First Mortgage to Rework Voice and Data
First Mortgage expects the Java-based application, which is currently being tested in its Ft. Lauderdale call center, to increase efficiency in its call centers and provide more effective service to customers.
Previously, the speaking and the viewing parts were disjointed, said Garth Graham, senior vice president and national sales manager for First Mortgage. "We would be speaking about a product and [the caller] would be looking at another page," he said "The other thing is that individuals surf a lot; they hit your page, they call, and then they continue surfing. So we lost the continuity that is presented because the agent has to guide them back to the page."
The Java-based application, Contact, manufactured by Web Line Communications, Burlington, MA, will give agents the ability to navigate callers, demonstrate software and transfer downloadable files.
"It fits our overall strategy of trying to provide information to consumers so they can make a decision on what product they want and then take action."
The company delivers mortgages directly to consumers without the middlemen, Realtors and referral arrangements typical of the industry.
"We are doing this, frankly, to dramatically reduce the cost associated with a mortgage, and be a low-cost provider of service," Graham said.
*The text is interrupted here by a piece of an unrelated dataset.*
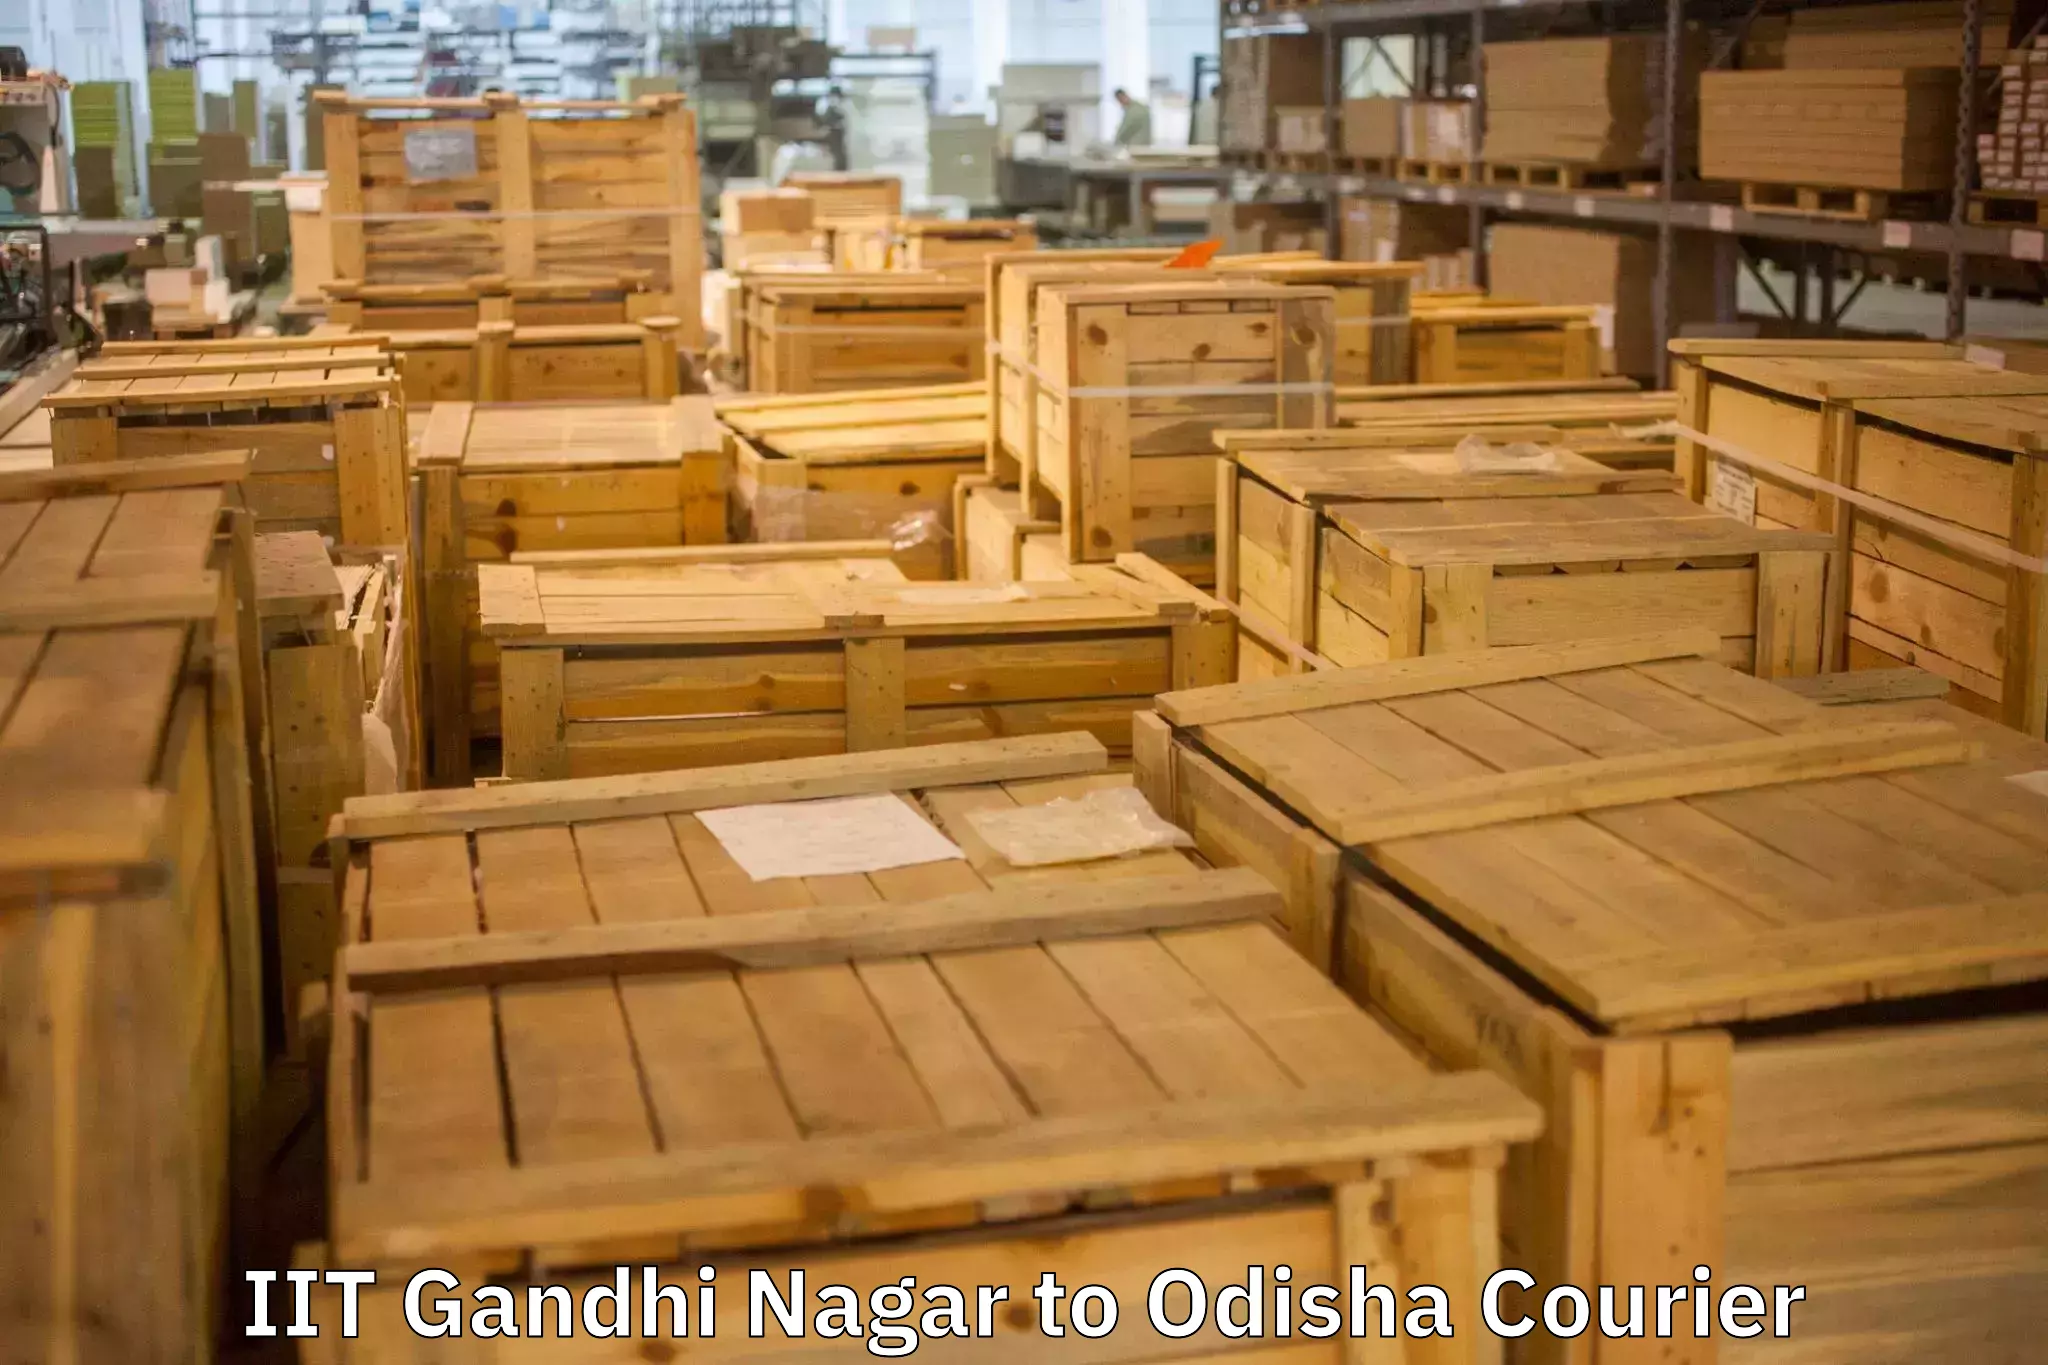 Expert packing and moving IIT Gandhi Nagar to Dhenkanal

Graham added that in 1994, First Mortgage Network became the first mortgage company to use the Internet as a way to get consumers to execute transactions and obtain interest rate information and find out about different loan options.
"We found that for a borrower to make a decision, he needs clarification on different points and the comfort level provided when another individual is at the other end of the phone," he said. "Our customers are not buying impulse products here; they are conducting a financial transaction."
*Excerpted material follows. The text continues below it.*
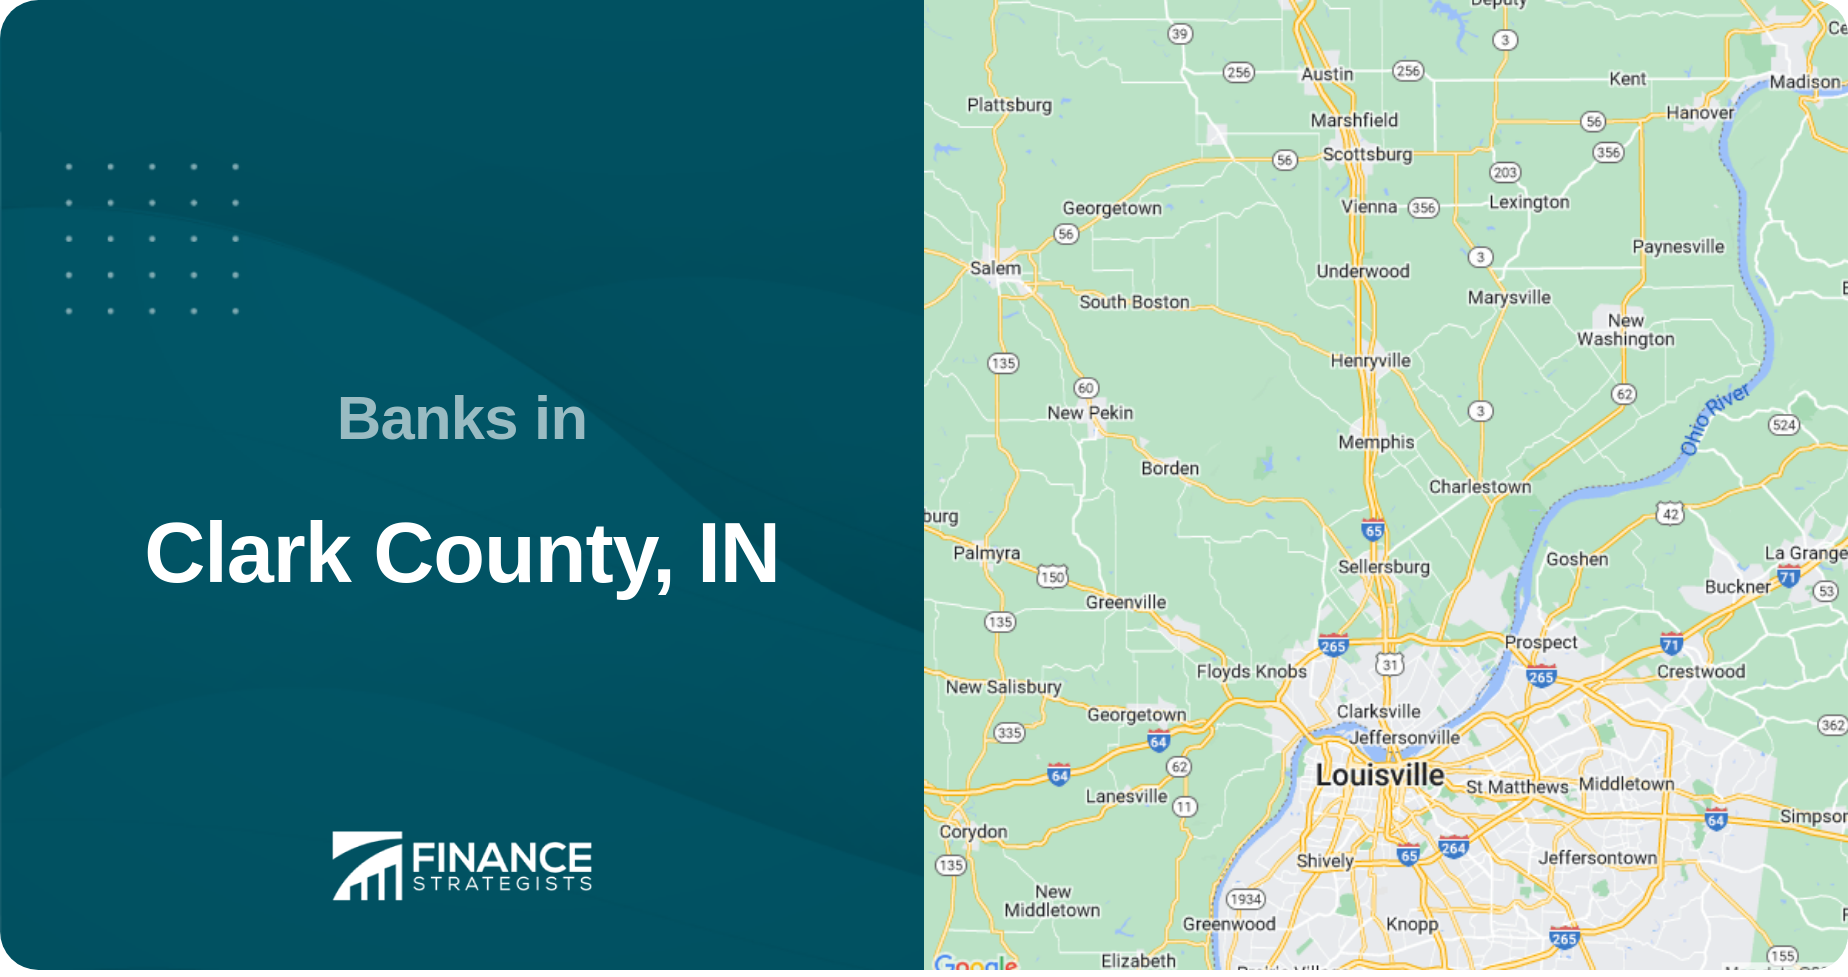 Banks in Clark County, IN

Contact is currently online at First Mortgage Network's call center, located in Fort Lauderdale, which is staffed by 65 agents. According to Graham the company will not need to hire additional agents. It plans to take the most technologically inclined operators from the current staff and train them on the teleweb software.
"One piece we do not have up on the Internet yet is the part where a consumer can initiate the session themselves," said Graham.
Graham said one element of the program is currently being tested where consumers click on an icon which prompts a return call from call center agents who provide more information. The outbound call is based on the number that was entered and at the point of contact. The consultant is able to gain control over the prospective client's browser.
"We have tested it. It works fine, but it is a training and deployment issue for our consultants on exactly how we are going to do it," Graham added. "We have 50 pages on our web site and we have to get it out in multiple versions."